The naive choice would produce the wrong result for False because bool("False") actually tests whether the string "False" is empty:

>>> bool(str(True))
True
>>> bool(str(False))
True

This function uses singledispatch, so you can add your own special-cases:

>>> class Point:
...     def __init__(self, x, y):
...         self.x, self.y = x, y
...     def __repr__(self):
...         return f"({self.x}; {self.y})"
...     @classmethod
...     def fromstr(cls, s):
...         if (s[0], s[-1]) != ("(", ")"):
...             raise ValueError(f"not a point: {s!r}")
...         s = s[1:-1]
...         x, y = (float(c.strip()) for c in s.split(";"))
...         return cls(x, y)
...
>>> @deduce_type.register(Point)
... def _(p):
...     return type(p).fromstr
...
>>> p = Point(1.0, 2.0)
>>> deduce_type(p)(str(p))
(1.0; 2.0)
class cernml.coi.configurable.StrSafeBool(base_type: type[AnyBool])

Bases: Generic[AnyBool]

String-safe wrapper around Boolean types.

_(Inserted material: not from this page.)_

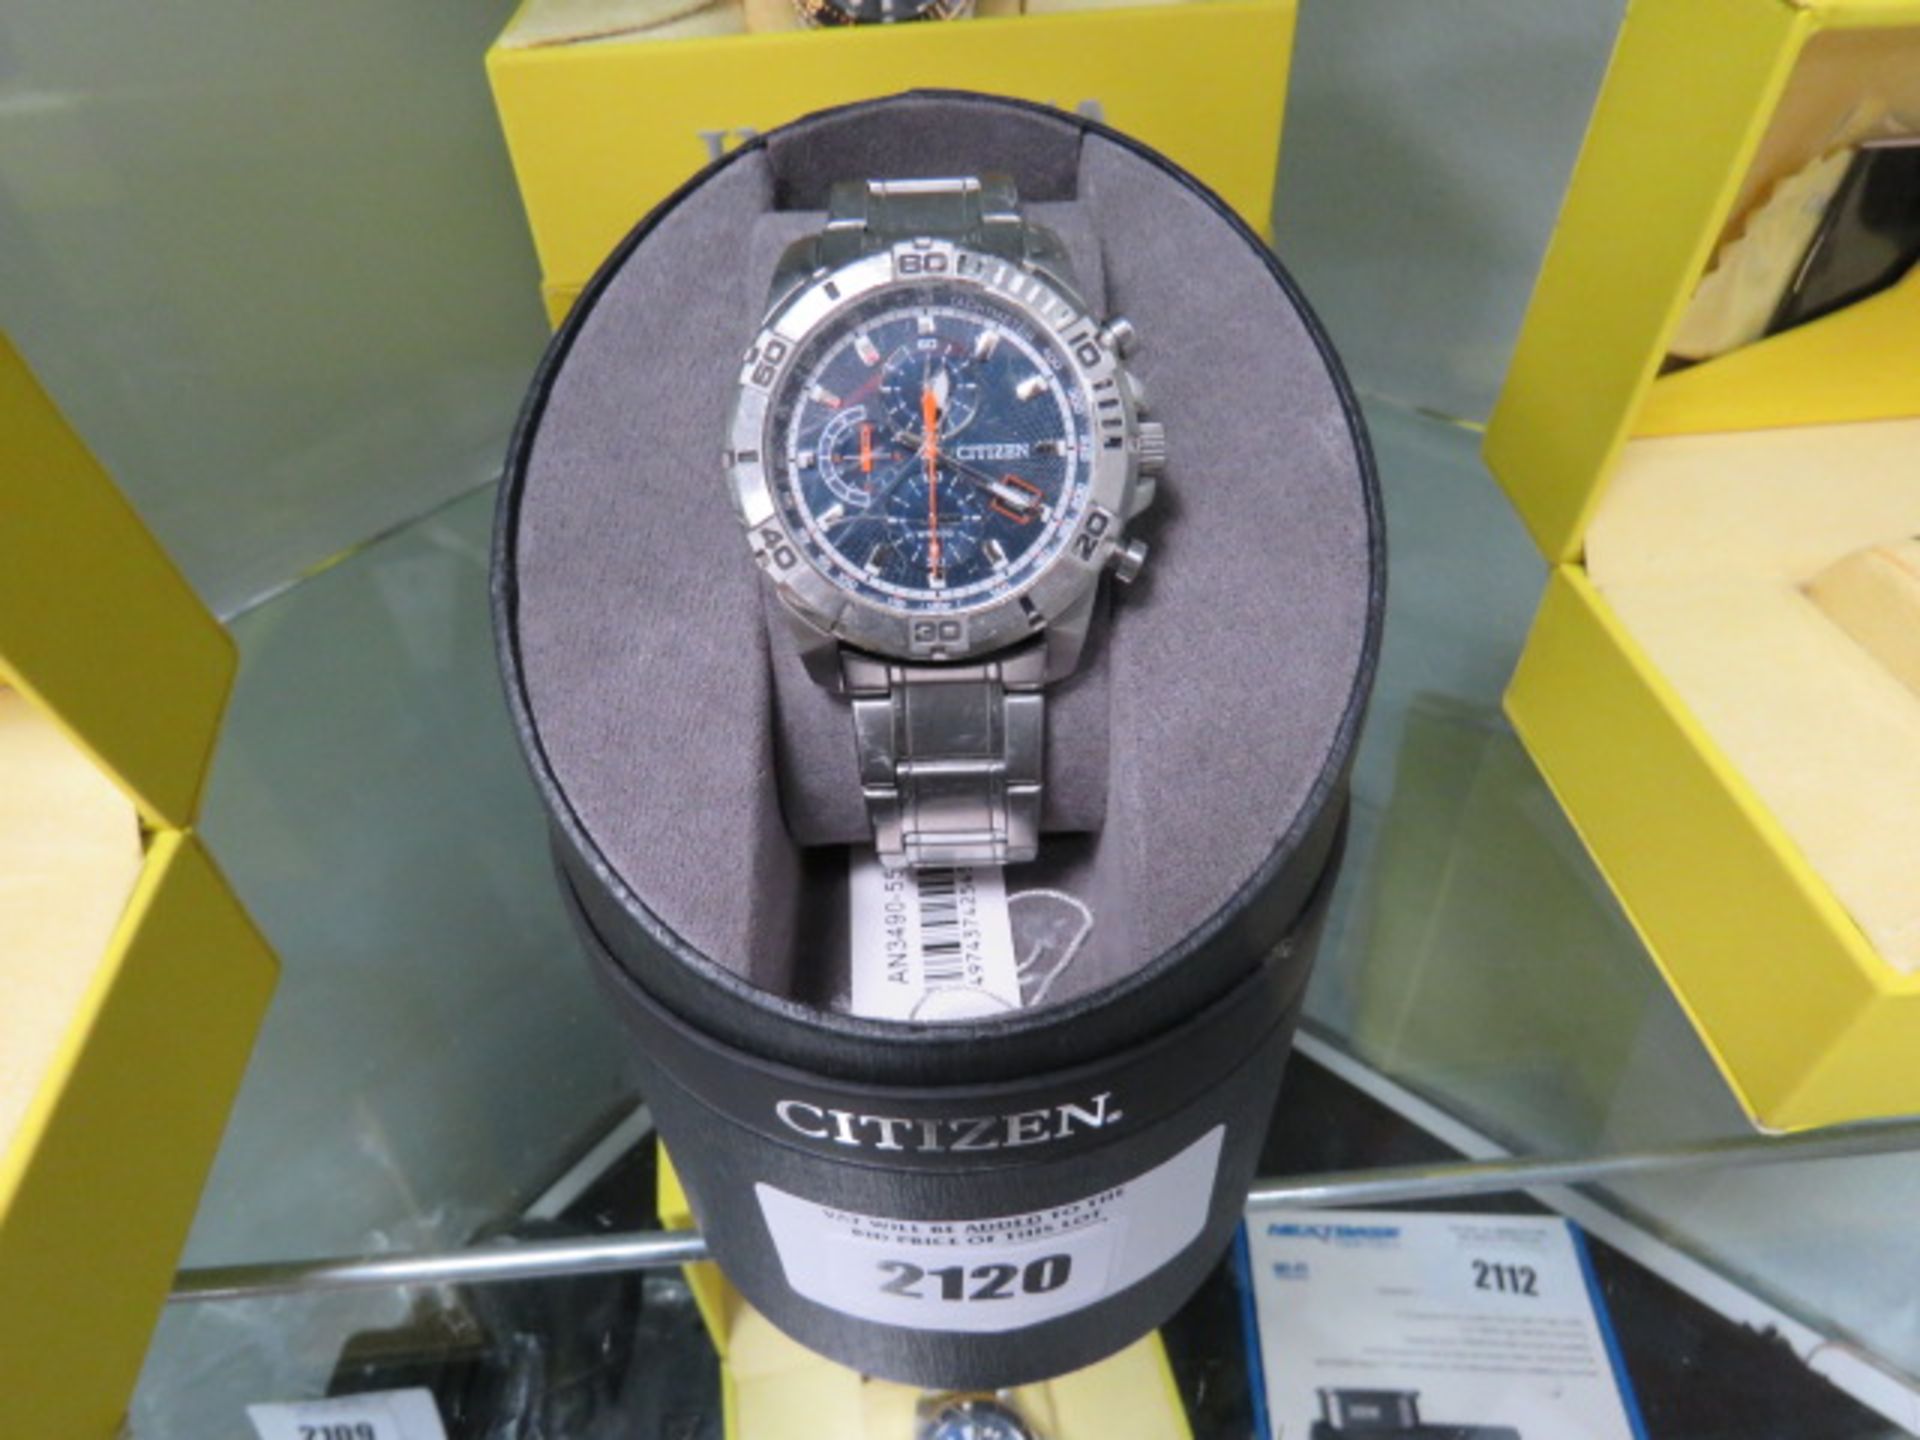 2042 - Citizen chronograph stainless steel strap wristwatch with scratch on glass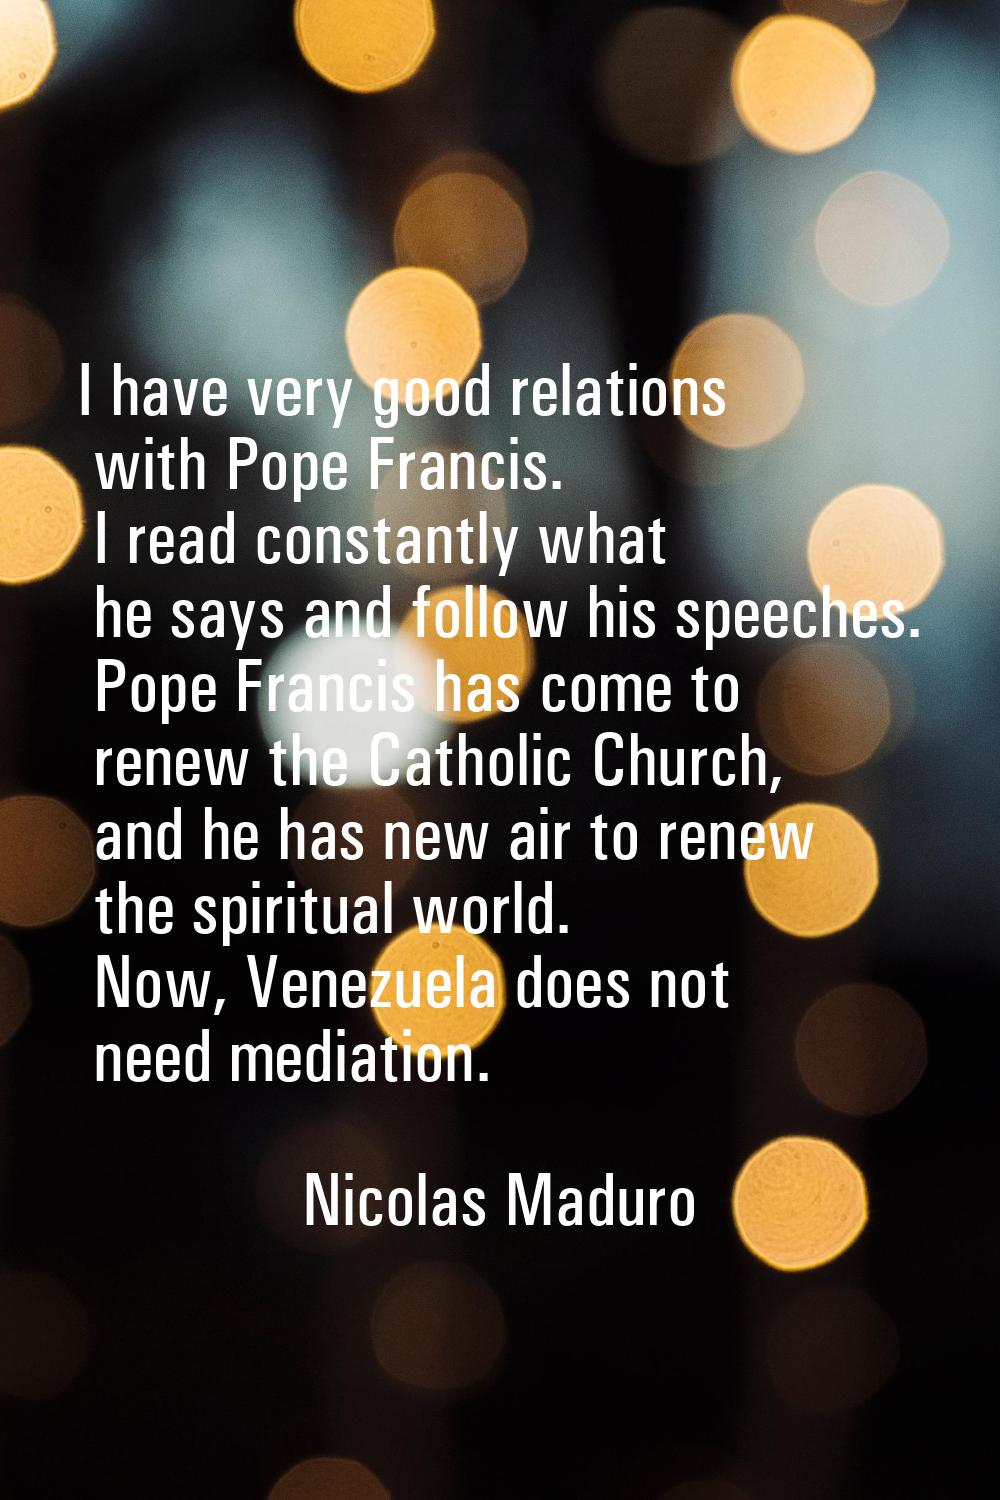 I have very good relations with Pope Francis. I read constantly what he says and follow his speeche

Integers round-trip through string conversion:

>>> int(str(123))
123

Booleans, however, do not:

>>> bool(str(True))
True
>>> bool(str(False))
True

This wrapper special-cases the strings "True" and "False" and replaces them with the built-in Boolean values True and False:

>>> sbool = StrSafeBool(bool)
>>> sbool
<...StrSafeBool(<class 'bool'>)>
>>> sbool(str(True))
True
>>> sbool(str(False))
False

This special case is case-sensitive:

>>> sbool("False")
False
>>> sbool("false")
True

You usually don’t interact with this wrapper directly. It is used internally by Config.Field as a default value for the type argument in case the value is a Boolean.

__call__(text_repr: str, /) AnyBool

Coerce the given string to the chosen boolean type.

The exact strings "True" and "False" are converted to the True and False value of the chosen boolean type. This is case-sensitive. Any other string is passed directly to the boolean constructor.

>>> b = StrSafeBool(repr)
>>> b('1')
"'1'"
>>> b('yes')
"'yes'"
>>> b('true')
"'true'"
>>> b('True')
'True'
cernml.coi.configurable.AnyBool: TypeVar

The generic type variable of StrSafeBool. Must be either bool or numpy.bool_.